皆さんは「口腔機能低下症」という言葉を聞いたことがありますか?
口腔機能低下症とは、言葉通り口の中の様々な機能が低下している症状のことです。原因は様々あり、加齢や疾患、障害、薬の副作用など様々な要因があります。
症状としては下記のようなものがあげられます。

このように、食べ物がうまく噛めない、吞み込みにくい、むせてしまうといった症状を起こすことがあり、放置しておくと咀嚼障害、摂食嚥下障害などが生じて全身の健康に悪影響を及ぼします。 また、食べにくくなったり、話しにくくなったりすることで、コミュニケーションをとることを億劫に思うようになり、外出を控えてしまったり、人と会うことを嫌がったりなど社会性の低下につながります。

口腔機能低下症の診断について
 口腔機能低下症は下記の7つの症状(口腔衛生状態不良、口腔乾燥、咬合力低下、舌口唇 運動機能低下、低舌圧、咀嚼機能低下、嚥下機能低下)のうち、3項目以上該当する場合に口腔機能低下症と診断されます。

1.口腔清掃状態
 舌表面を9分割し、舌苔の汚れを確認します。50%以上汚れがついていると該当します。

2.口腔乾燥
 専用の機械を使用して口腔粘膜の湿潤度を測定し評価します。

3.咬合力低下
 残存歯数で評価します。
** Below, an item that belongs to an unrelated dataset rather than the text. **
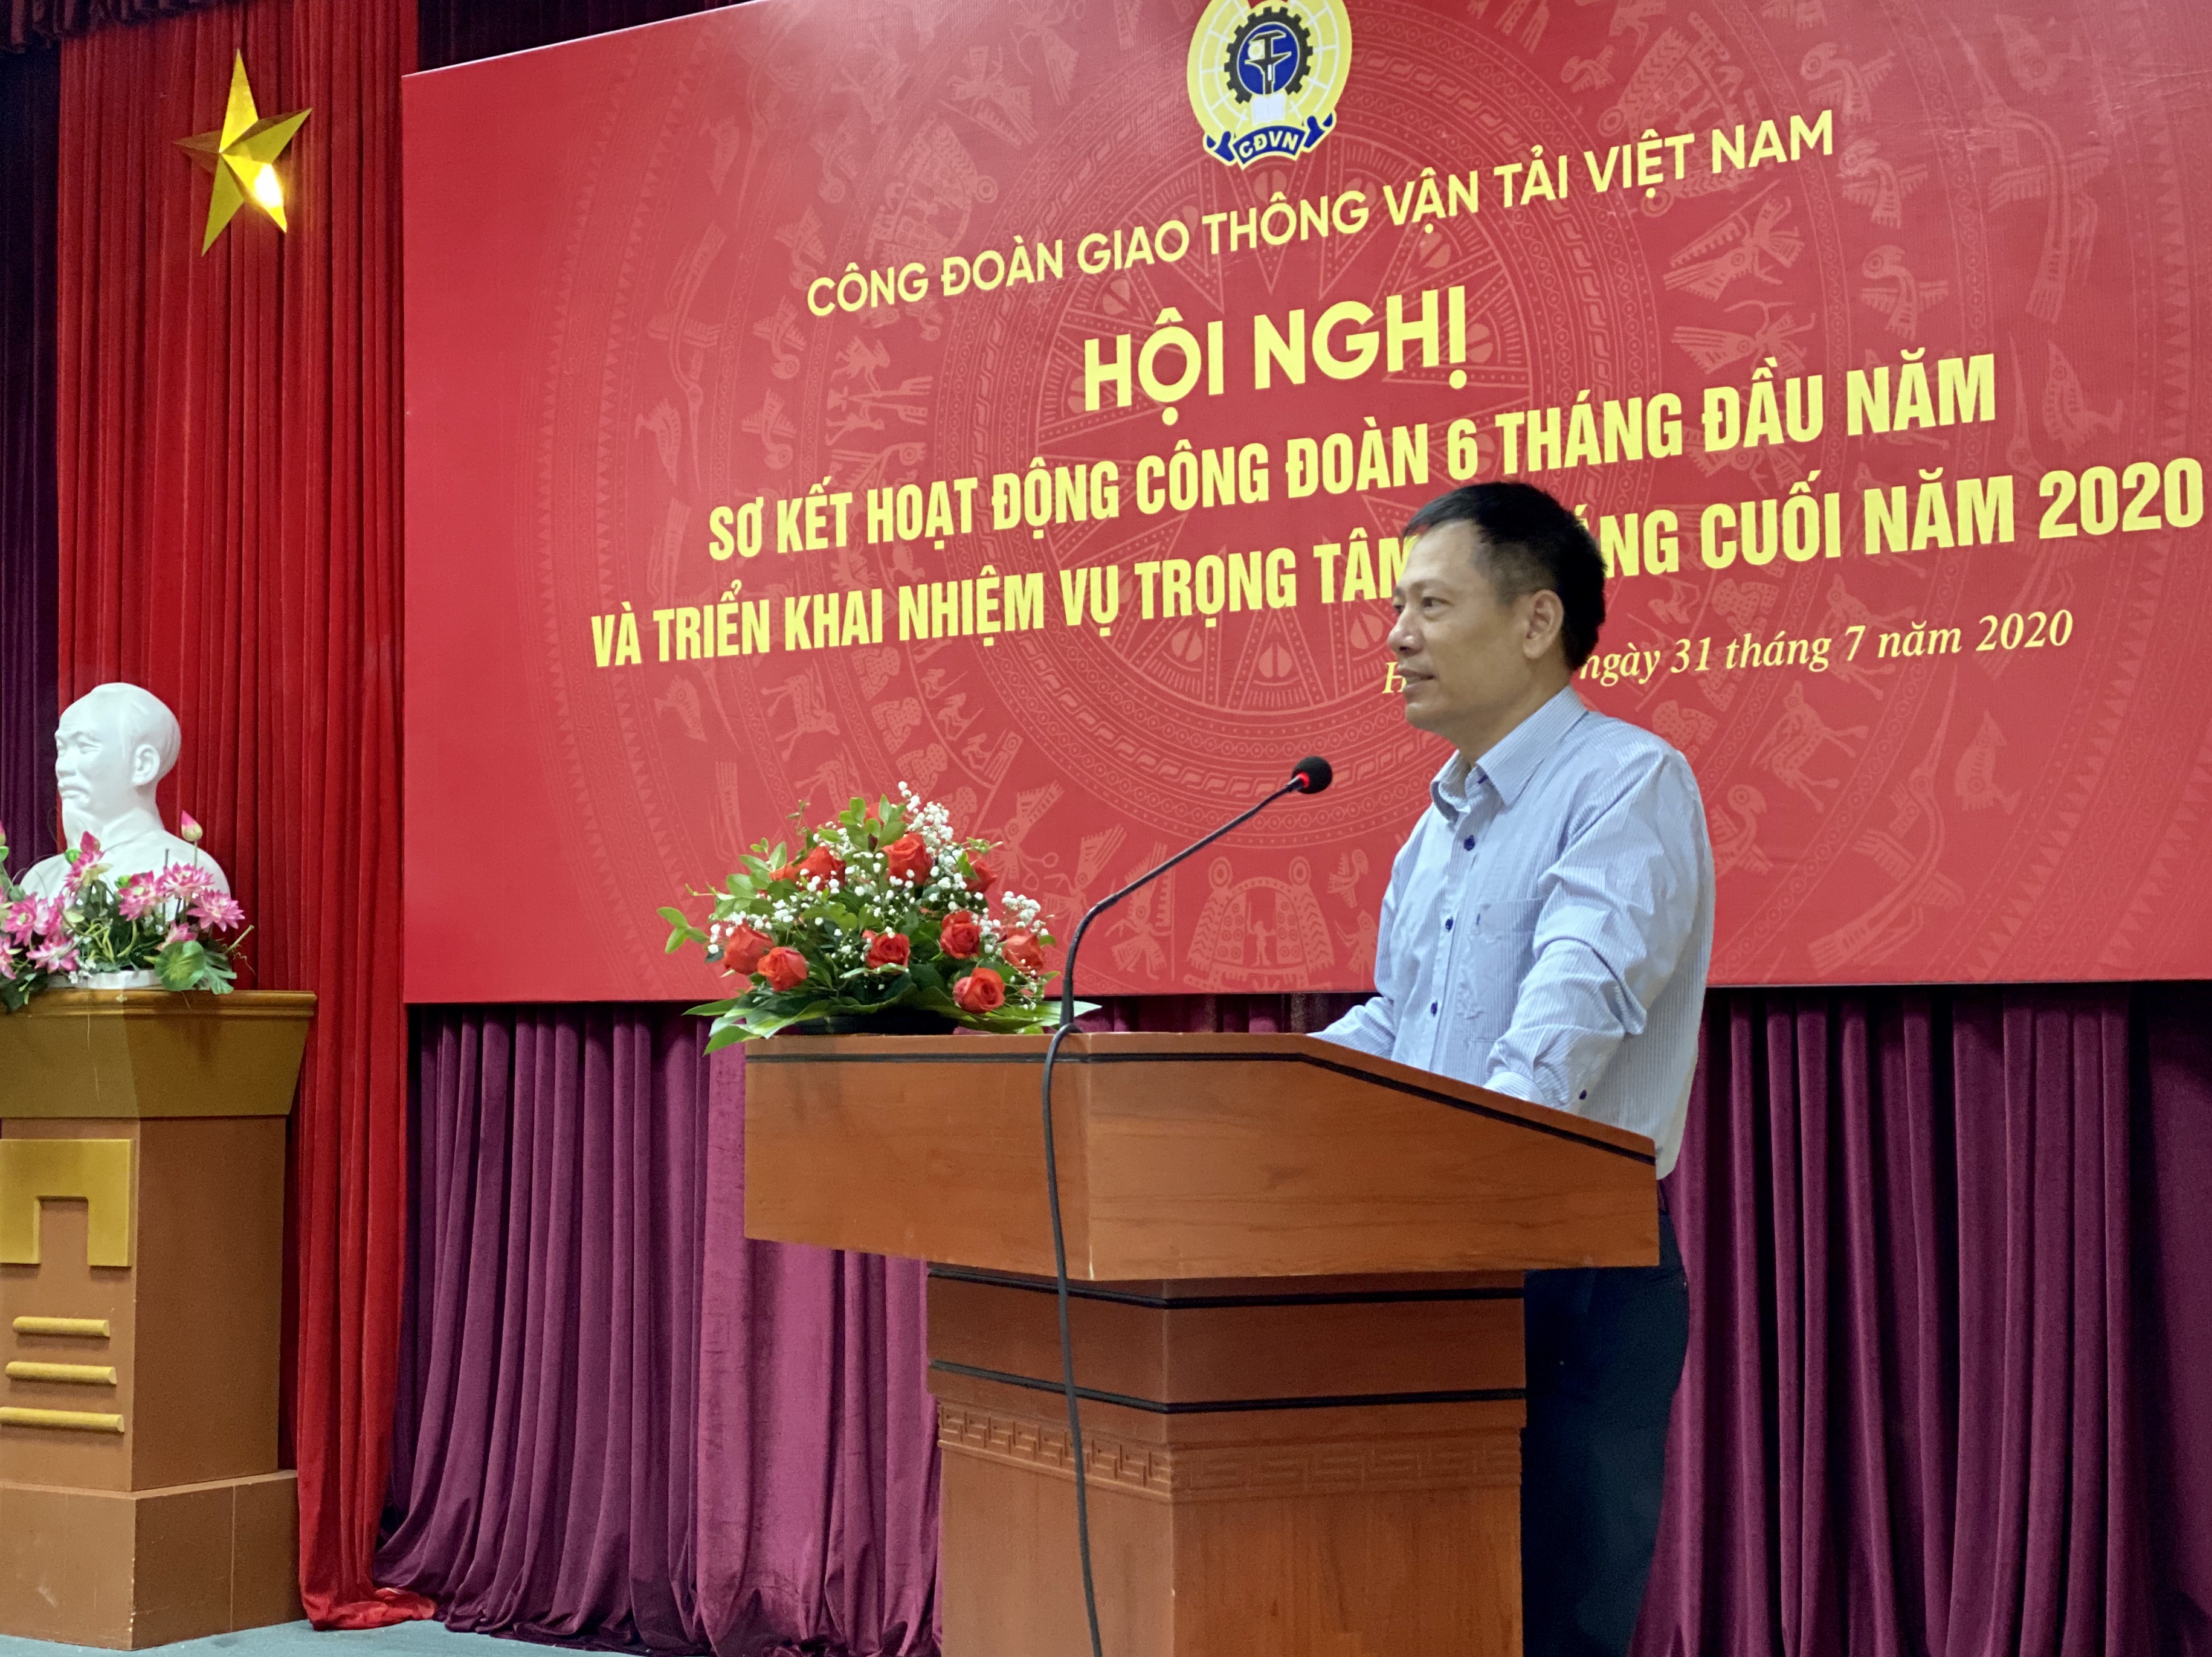 Công đoàn GTVT Việt Nam tổ chức Hội nghị sơ kết hoạt động công đoàn 6 tháng đầu năm, triển khai nhiệm vụ 6 tháng cuối năm 2020
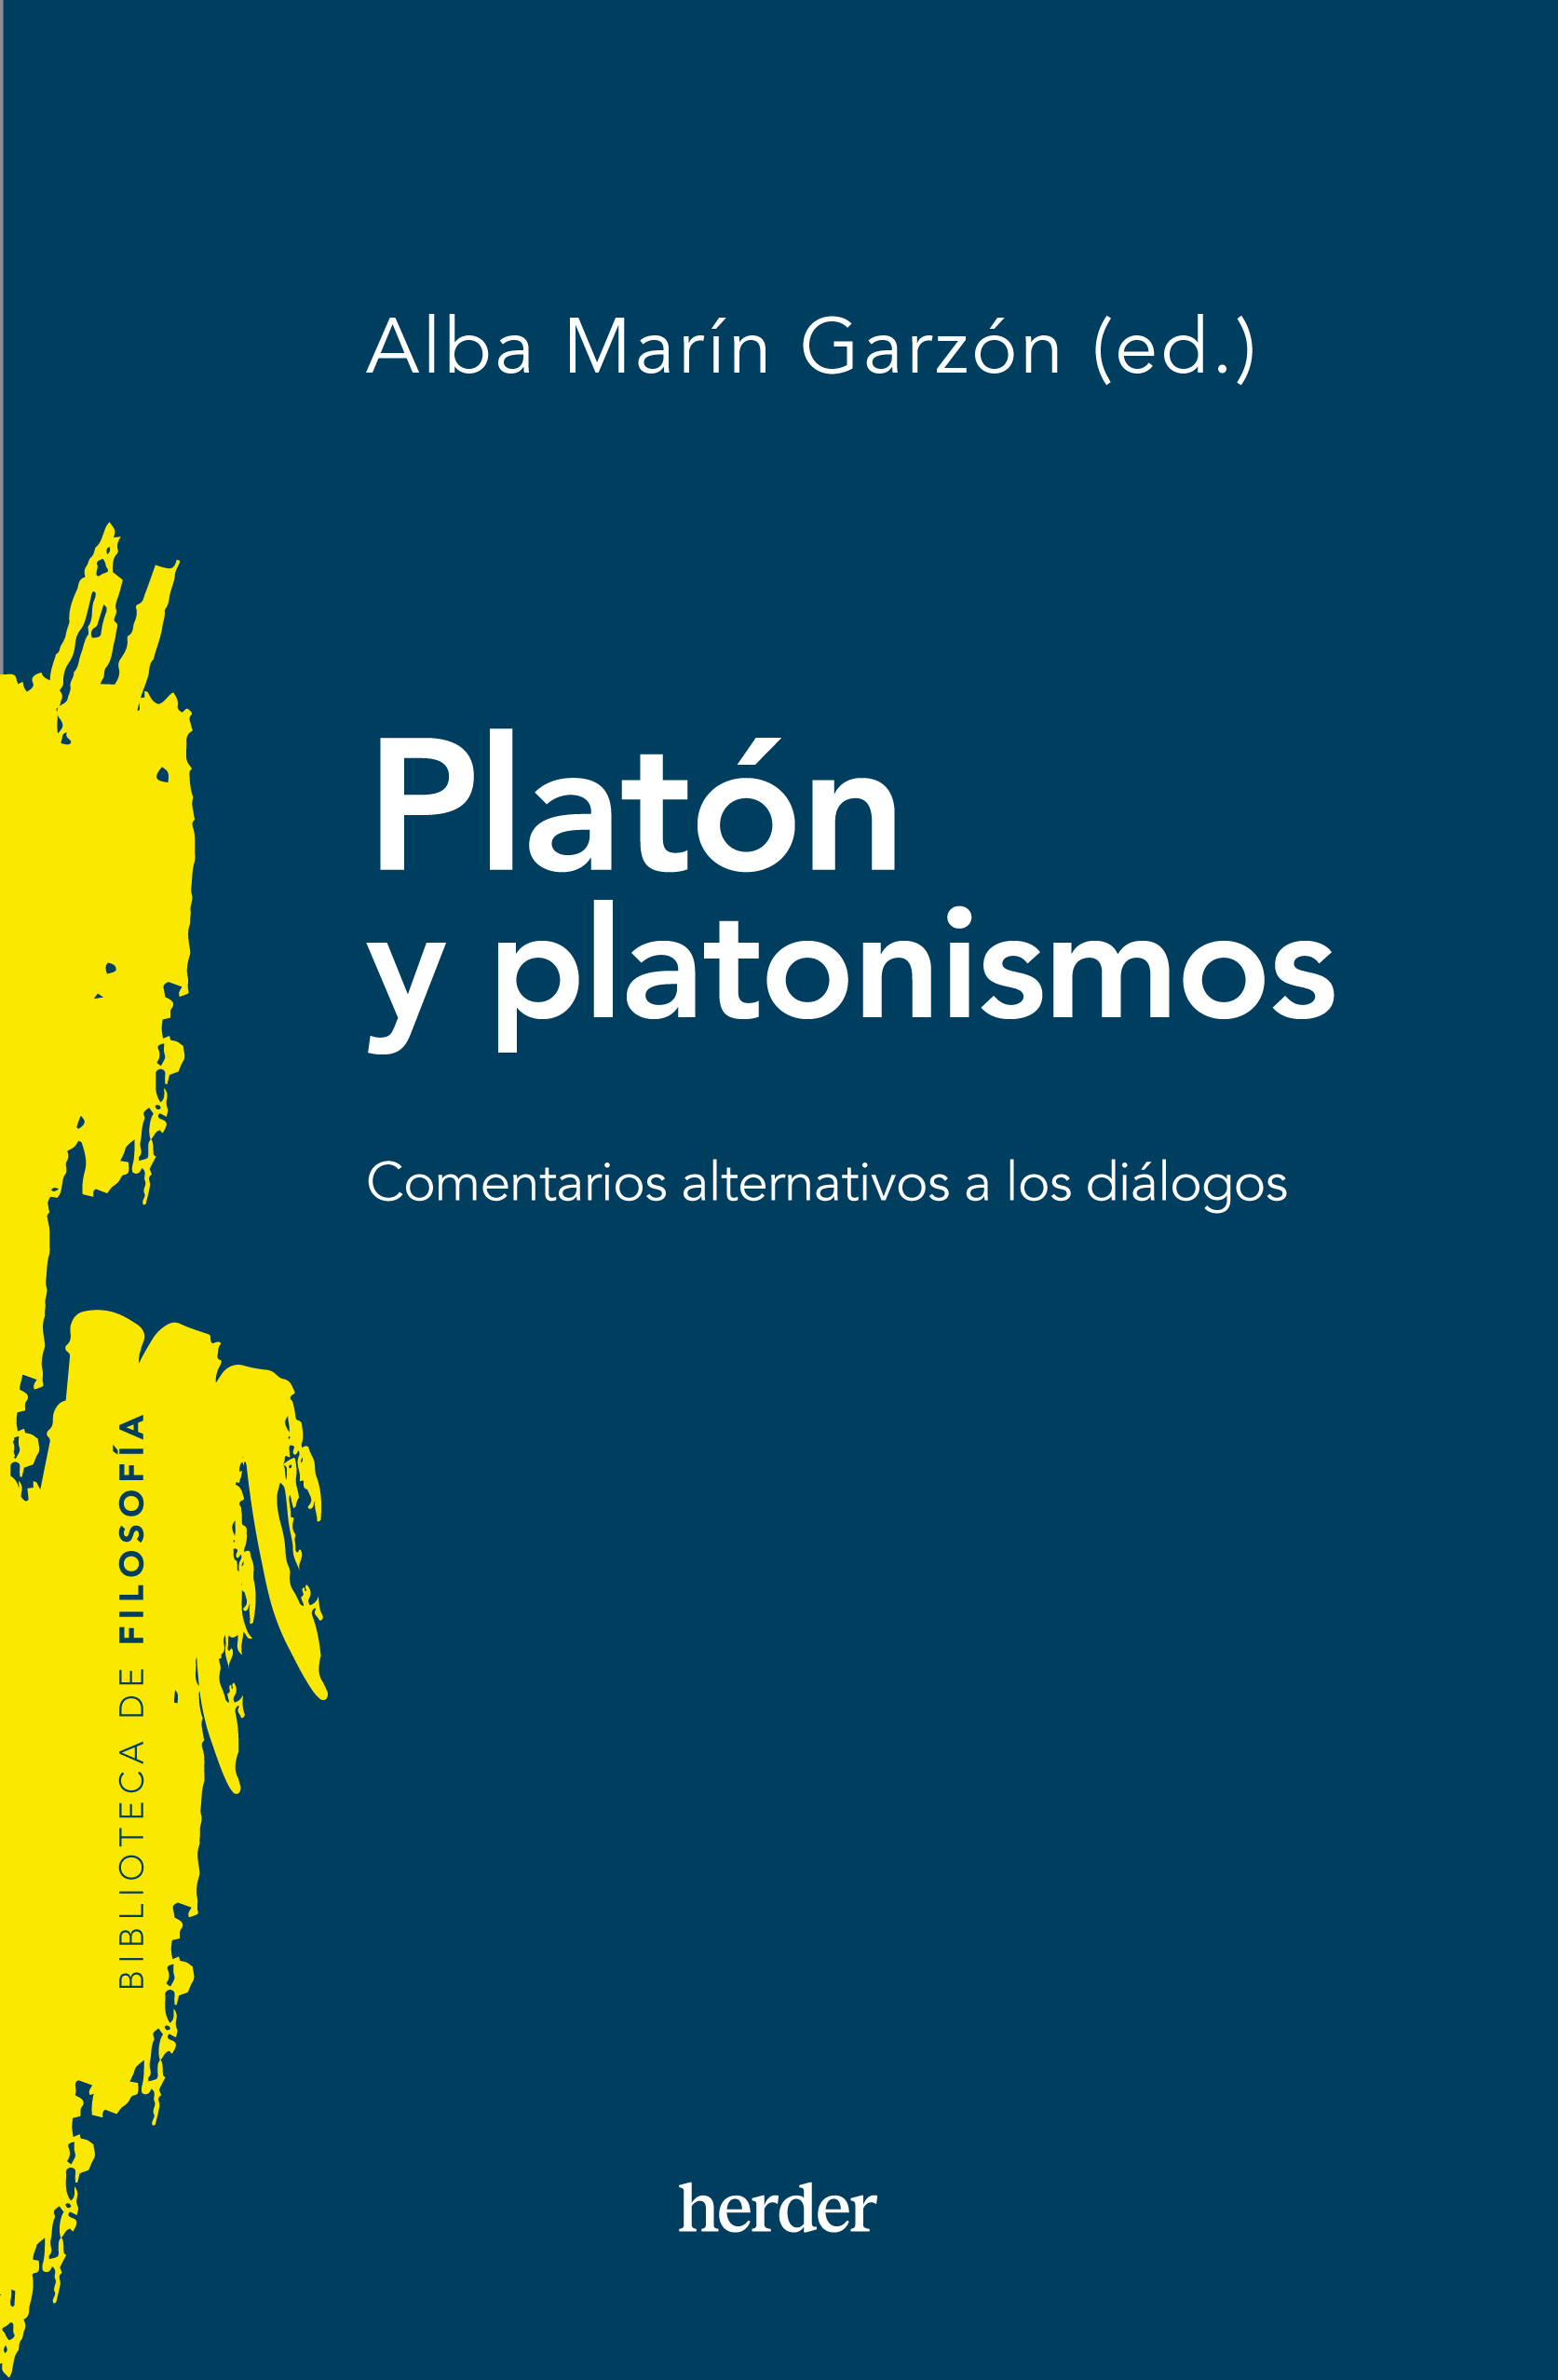 Platón y platonismos   «Comentarios alternativos a los diálogos»

20本未満で該当します。

4.舌口唇運動機能低下
 専用の機械を使用して
「パ」・・・口唇の動き
「タ」・・・舌前方の動き
「カ」・・・舌後方の動き
の1秒あたりの発音回数を測定します。いずれも6回未満で該当します。

5.低舌圧
 専用の機械を使用して、舌圧測定を行います。最大舌圧が30kPa未満で該当します。

6.咀嚼機能低下
 グミを30回咀嚼していただき、どれくらい噛み切れているか確認し評価します。

7.嚥下機能低下
 問診票を記入していただき、評価します。
   

口腔機能低下症と診断されたら
 これらの検査を行い、口腔機能低下症と診断された場合当院では管理計画書を作成致し、検査結果と今後の治療について説明いたします。ご自宅でご自身でのトレーニングが必要になりますので、トレーニング方法を確認致します。
また1か月に1回ほど来院していただきトレーニングの確認を行っていきます。
3~6か月後再検査を行い、再評価と今後の方針について説明を行います。